The worst schools are in Labour and Liberal Democrat councils.

And it is those who rely on local services, the vulnerable, who are affected the most by the quality of the services they receive.

The number of homeless has risen by 12,000 since 1997-98 and the numbers of people in temporary Bed & Breakfast accommodation has trebled. More available affordable housing is crucial to these people.

It is Conservative councils have less empty council housing, and re-let vacant housing more quickly.

And it is the social services departments of Conservative councils who are among the most innovative in protecting the vulnerable and giving the disadvantaged a better chance in life.

Neighbourhood policing

But if there is one thing that hits the vulnerable hardest, it is surely crime.

In Britain today there is an imbalance of fear. People fear crime and disorder far more than our criminals fear authority.

Crime is afflicting every neighbourhood, and we need to fight back.

But we will not do so while policing is run from Whitehall with nothing but targets and more red tape, forcing our constables to retreat from the streets.

We need a different approach.

Officers need to know their neighbourhoods.

And neighbourhood yobs need to know their police officers.

That is what they have done in New York. The NYPD are no more than two minutes away from any crime that is reported.

As a result they massively reduced robbery, burglary, car and violent crime.

So we will deliver neighbourhood policing.
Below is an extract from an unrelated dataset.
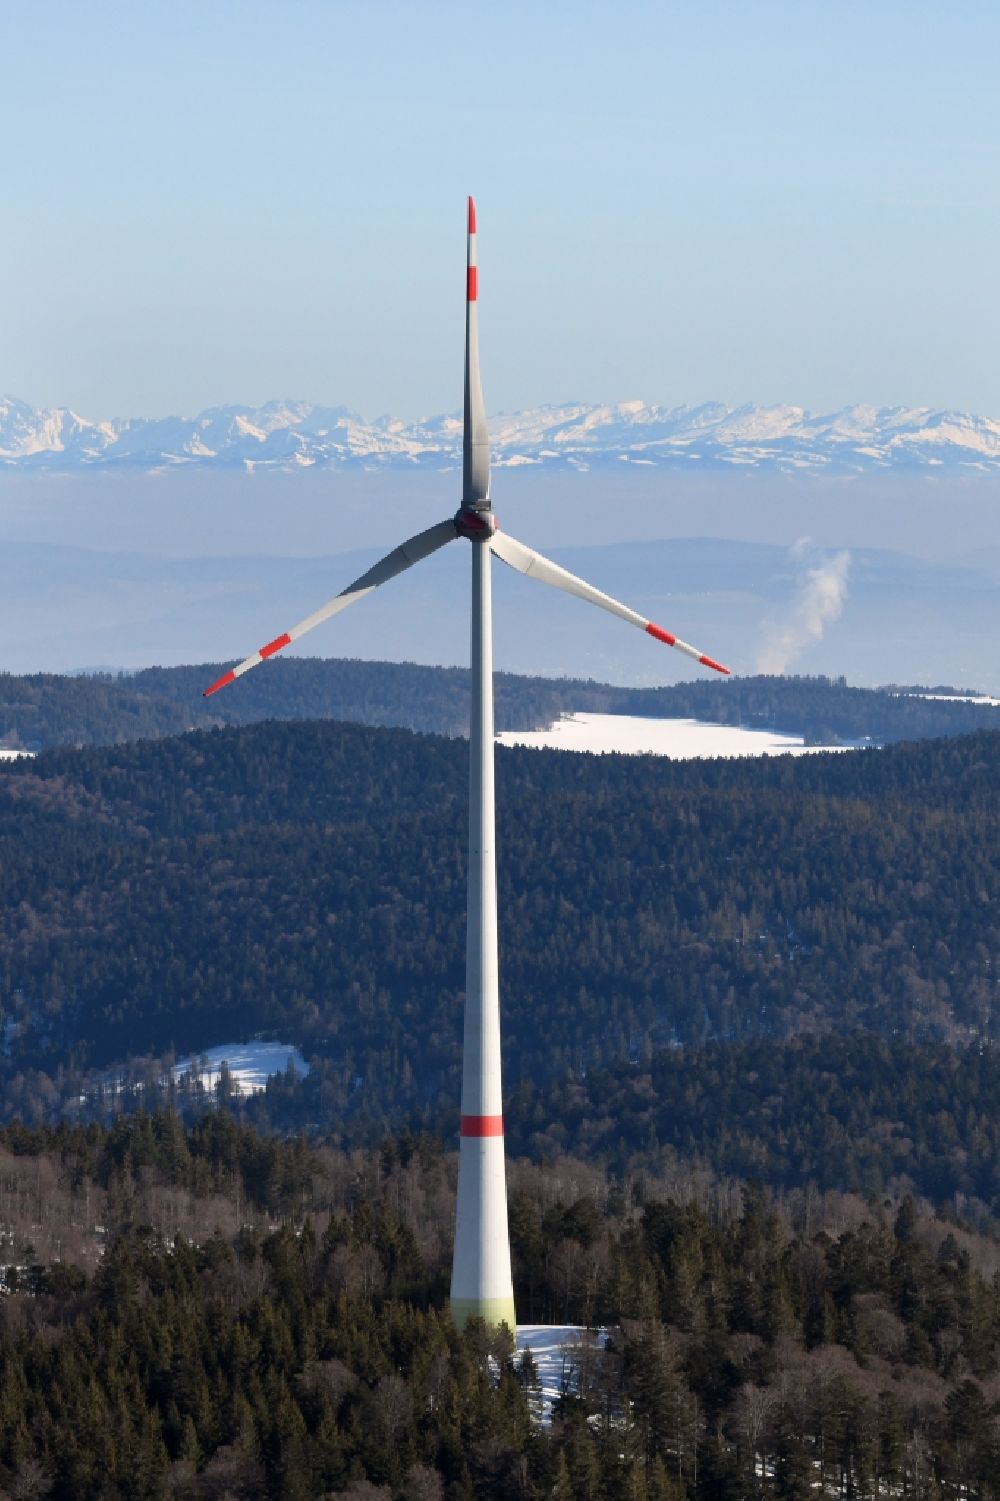 Aerial photograph Schopfheim - Wintry snowy landscape at the snow covered Rohrenkopf, the local mountain of Gersbach, a district of Schopfheim in Baden-Wuerttemberg. Wind turbines produce renewable energy in the wind farm. Looking over the mountains of the Black Forest to the Swiss Alps

Why am I so confident that we will do this?

Because Conservative councils are already delivering it.

Conservative-run Bexley in London have put extra money into youth services, to increase social and recreational activities for young people, and backed that up with an integrated council-police team, based at a local police station, to tackle youth disorder.

Conservative Kent County Council have pioneered a community wardens scheme, supporting the police and providing a reassuring presence in rural areas.

This is a genuine innovation aimed at making communities safer, something which this Labour Government has failed to do, and other Conservative councils such as Kensington and Chelsea are introducing similar ideas.

Our councils didn’t wait for a central directive. They understood that their community wanted greater security, and they responded.


Delivery. That is the key to reviving public interest in local politics.

Turnout in local elections has fallen to alarmingly low levels, down from 45% in London and other areas in the late 80s and early 90s to barely a quarter today.

The Government’s solution is to suggest text messaging voting and other e-strategies to boost turnout. This misses the point.

The problem is not that voting is too difficult, but that abstaining is too easy. Put simply, not enough is at stake.

Where local residents can see a direct link between the way they vote and the quality of services they get, they are more likely to exercise their right to vote.

And the truth is, it does matter how you vote in local elections, because Conservative councils can make your life better.

We know that local residents’ daily lives are marred by problems like crime, vandalism, lack of discipline in our schools and a failing transport system.

But Conservative councillors are working to tackle these problems.

Conservative councils are delivering practical improvements to our streets and our public services, in rural, urban and suburban communities.

We have a strong record of delivery; we have a strong vision of genuine community government.

Let’s get out there and give more people the chance to enjoy the benefits of a Conservative council delivering for the local community.